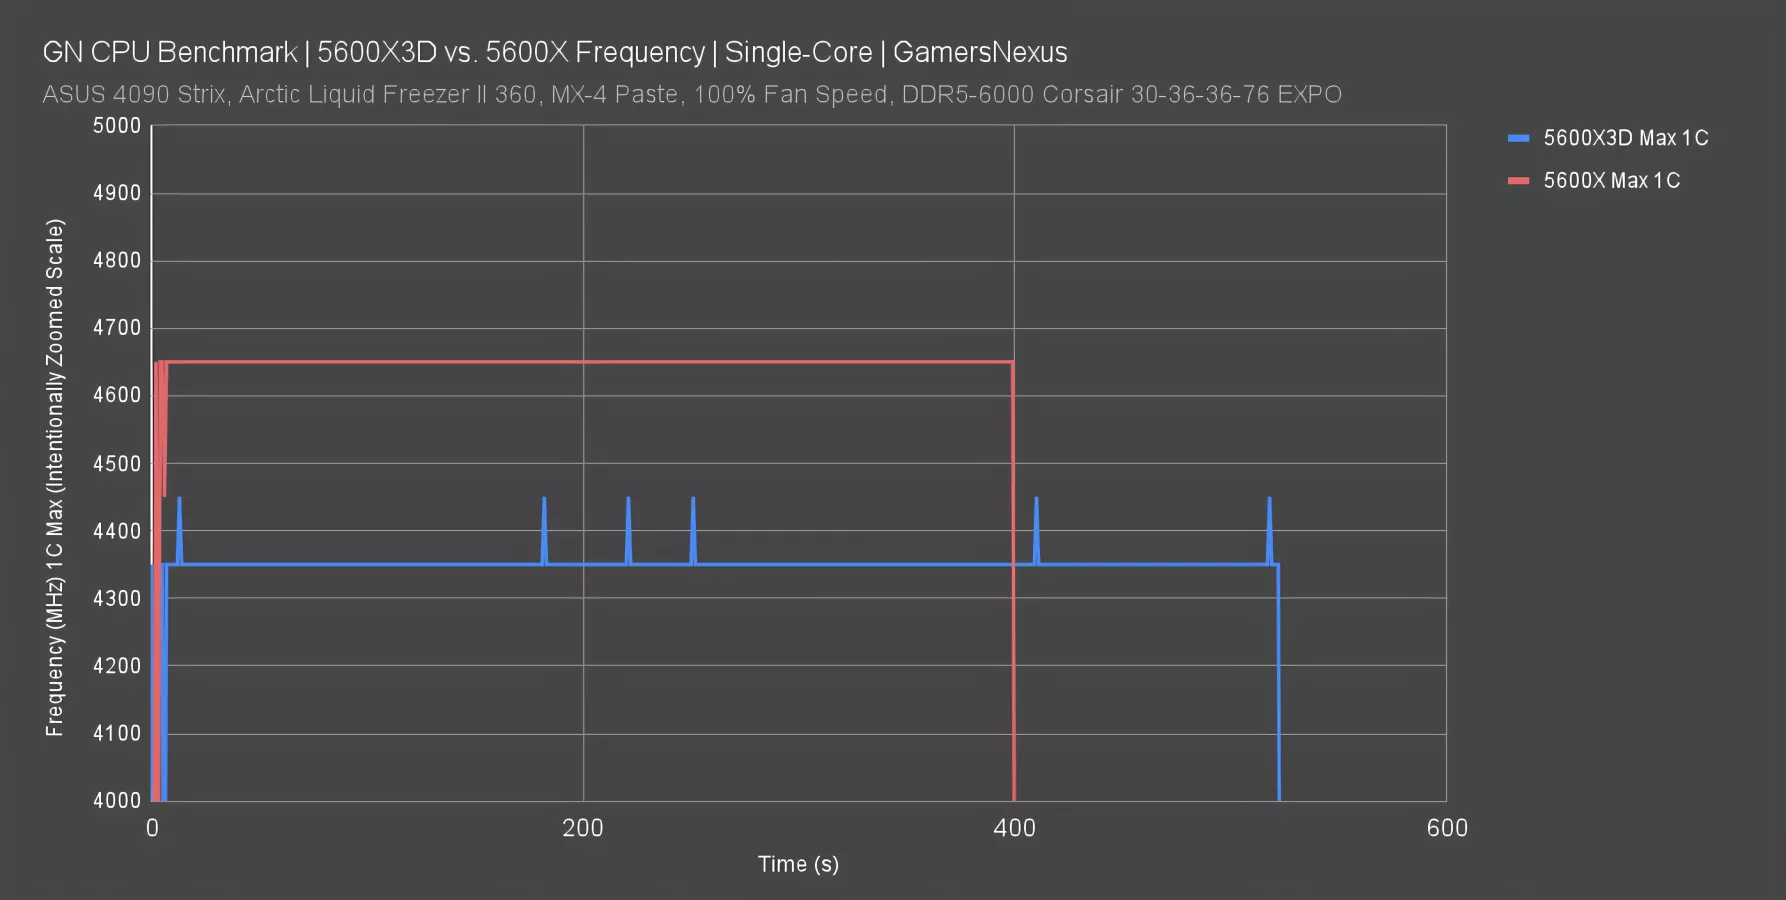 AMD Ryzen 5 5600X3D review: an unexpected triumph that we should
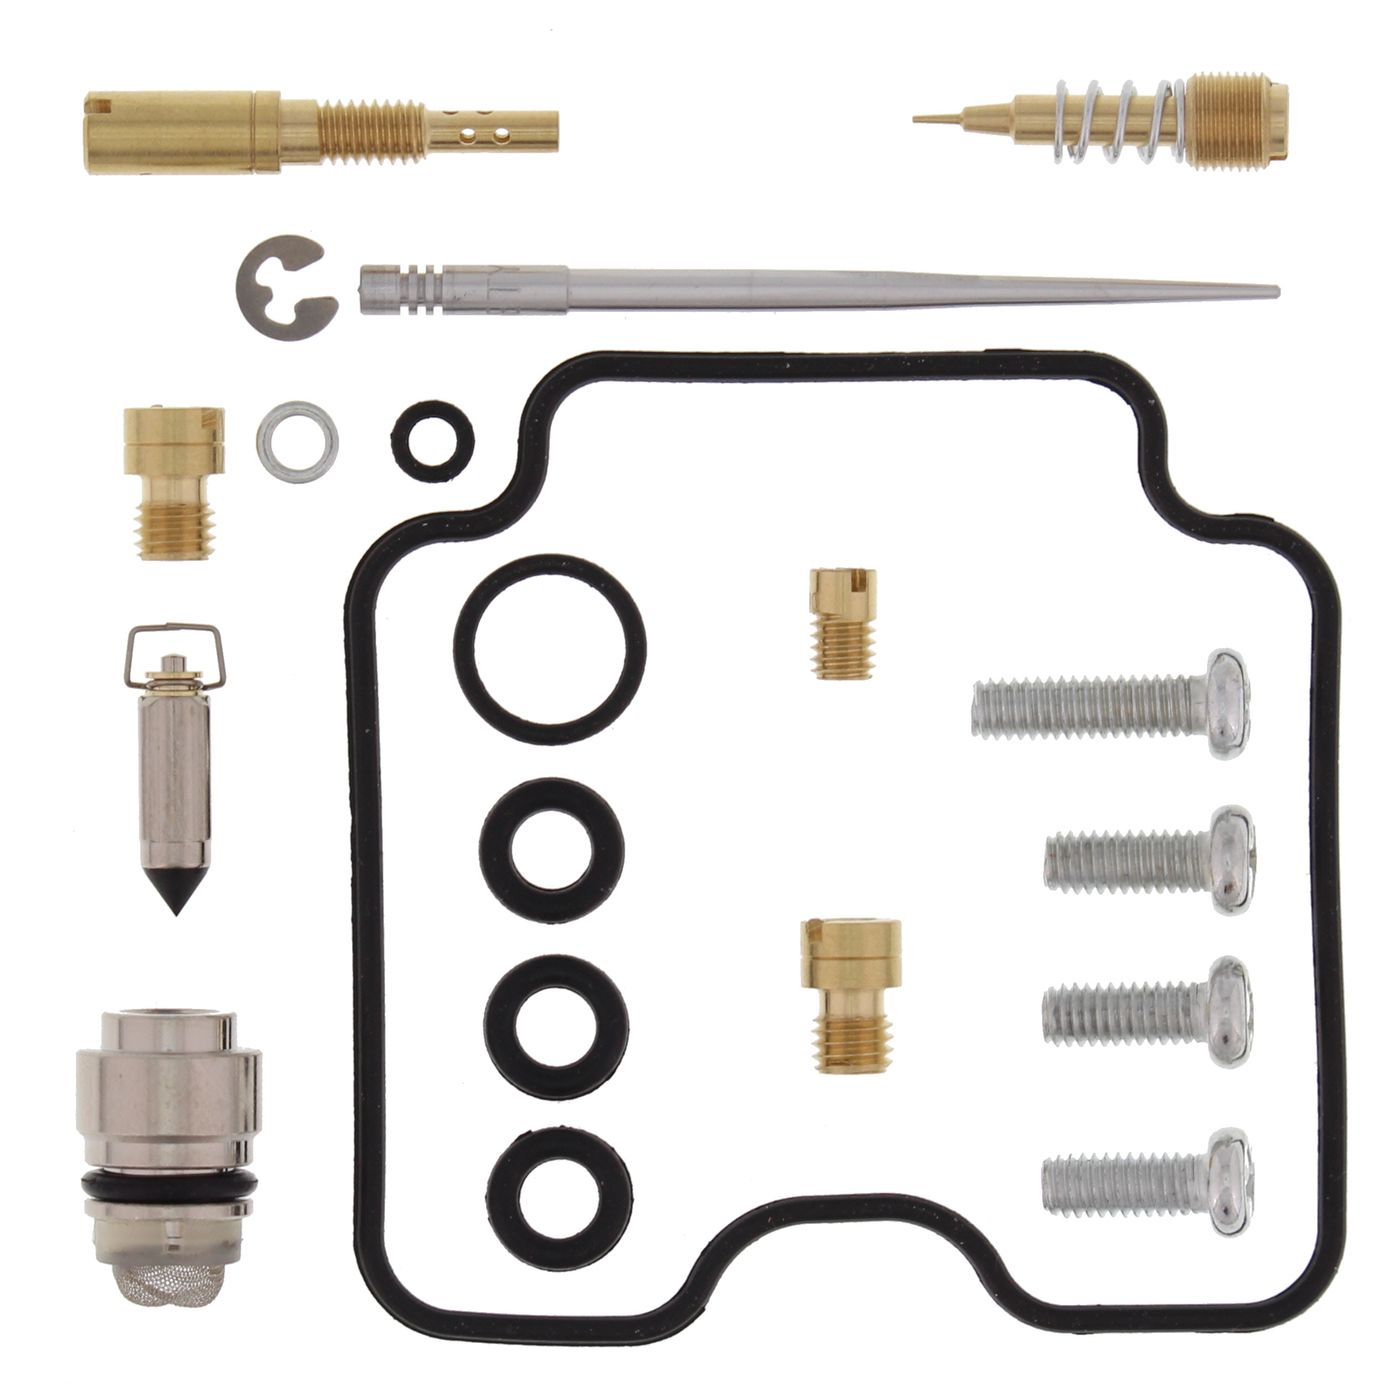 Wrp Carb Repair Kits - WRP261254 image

---

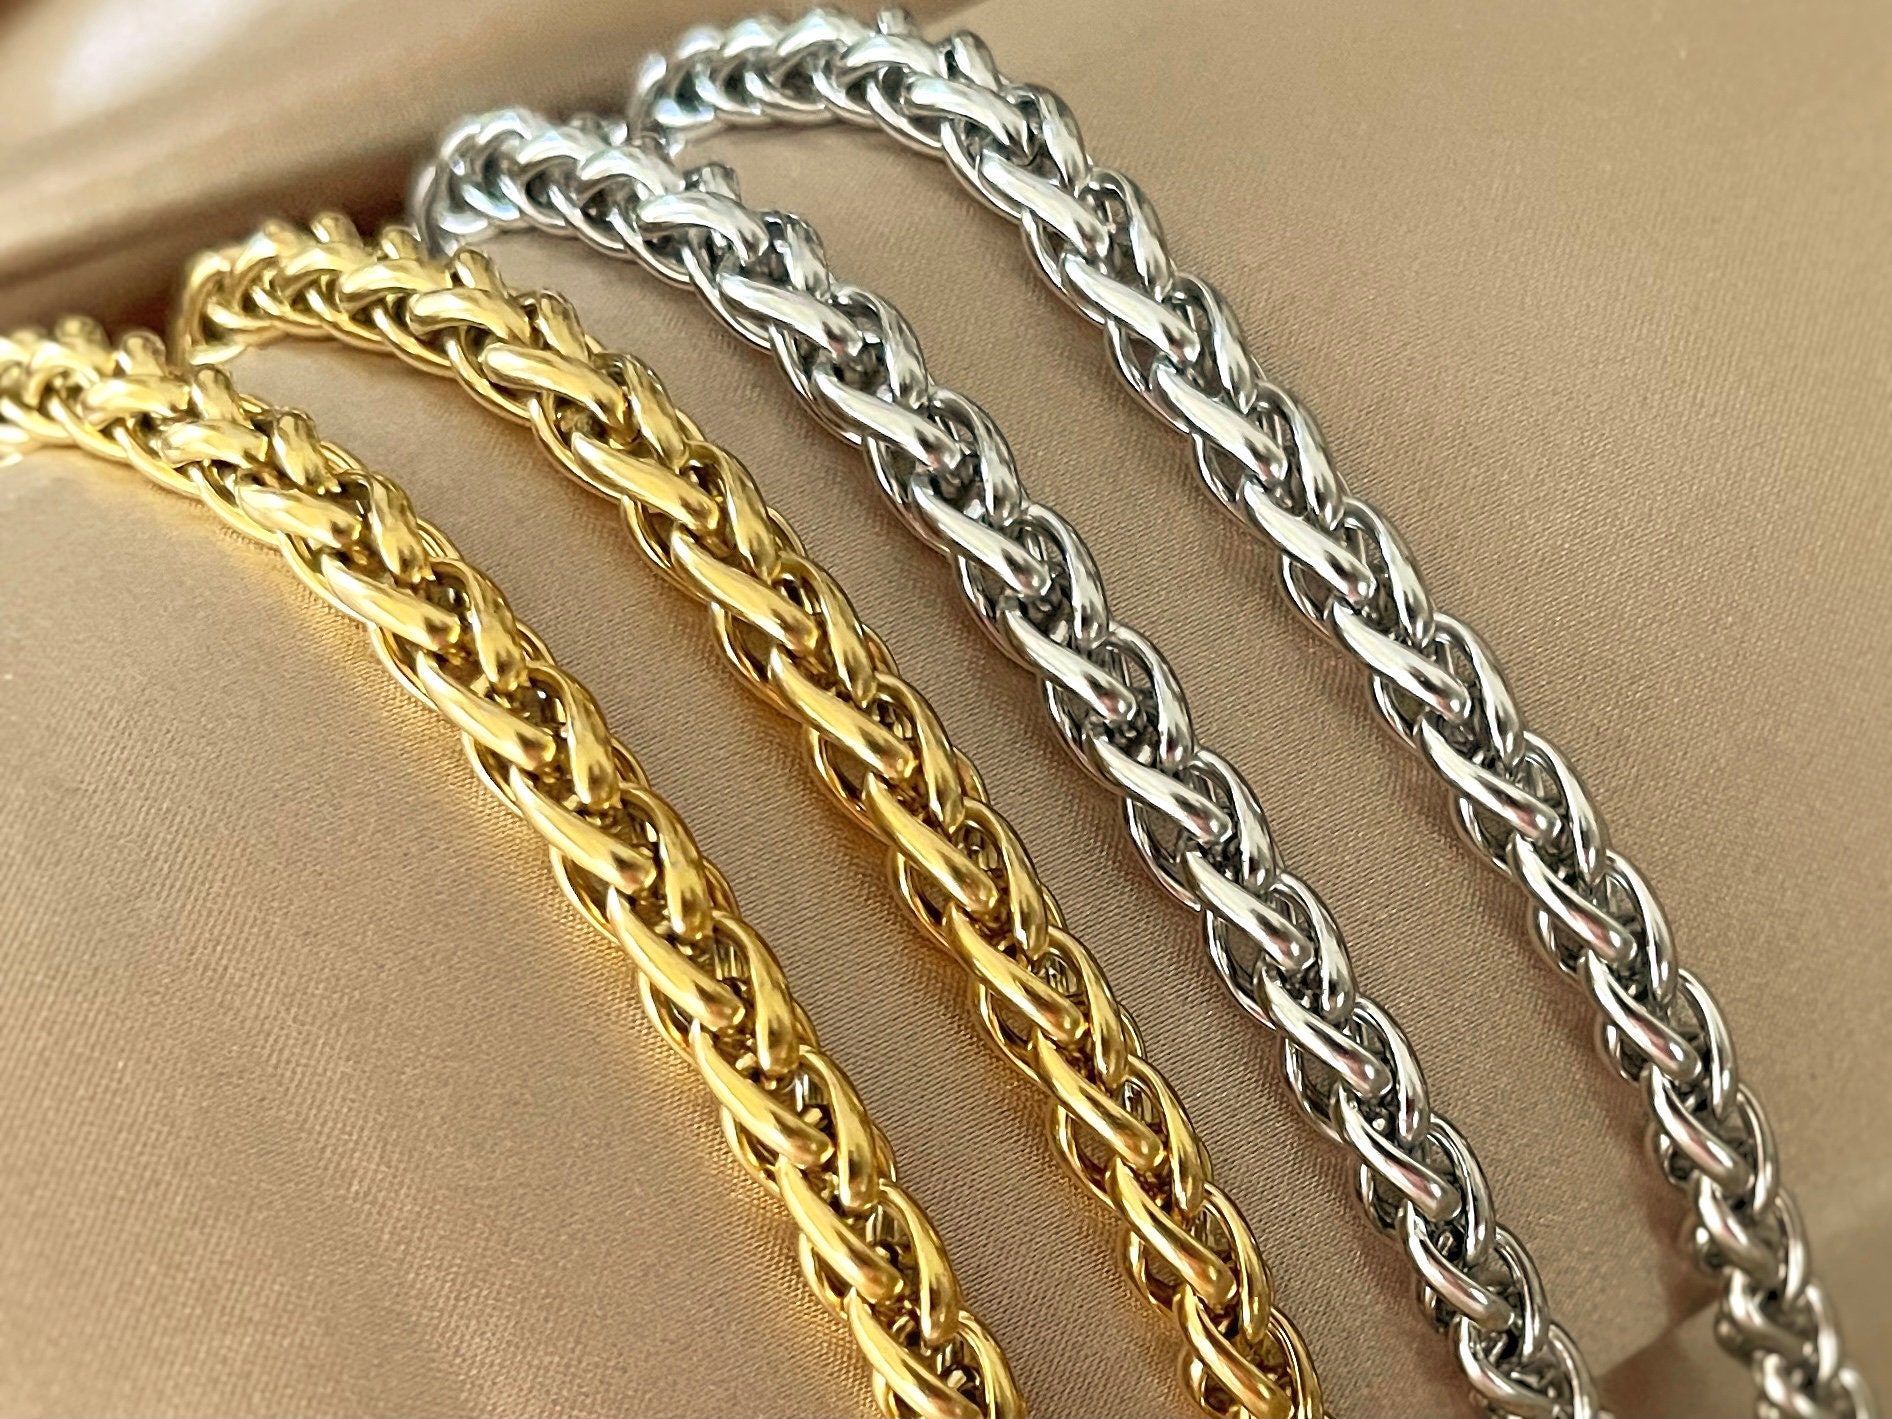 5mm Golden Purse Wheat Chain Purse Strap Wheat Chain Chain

==

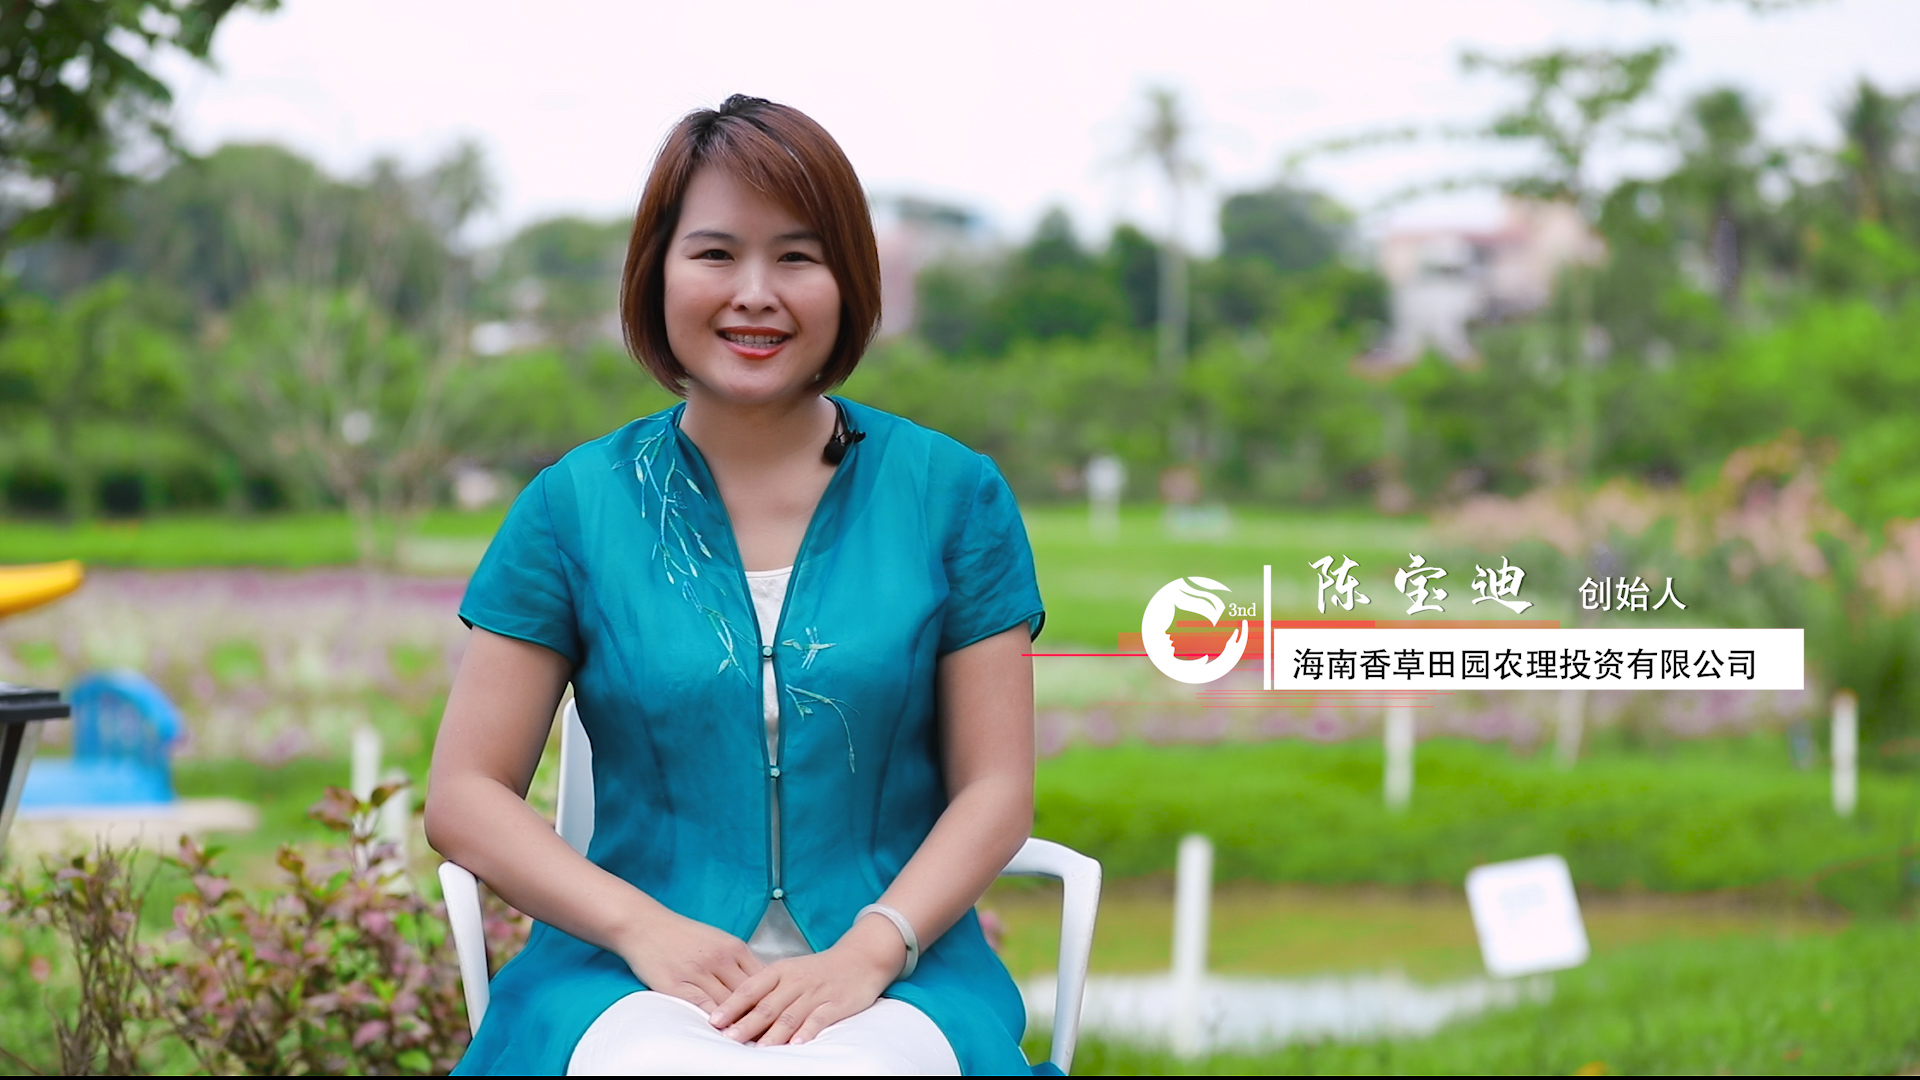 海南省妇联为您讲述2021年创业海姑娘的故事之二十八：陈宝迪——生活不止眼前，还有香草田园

# What is being asked
Above are some entries. Restate word for word the lines from the one holding "AMD Ryzen 5" through the one holding "Wrp Carb Repair Kits - WRP261254 image", but not the pictures.

# Solution to this problem
 AMD Ryzen 5 5600X3D review: an unexpected triumph that we should
 Wrp Carb Repair Kits - WRP261254 image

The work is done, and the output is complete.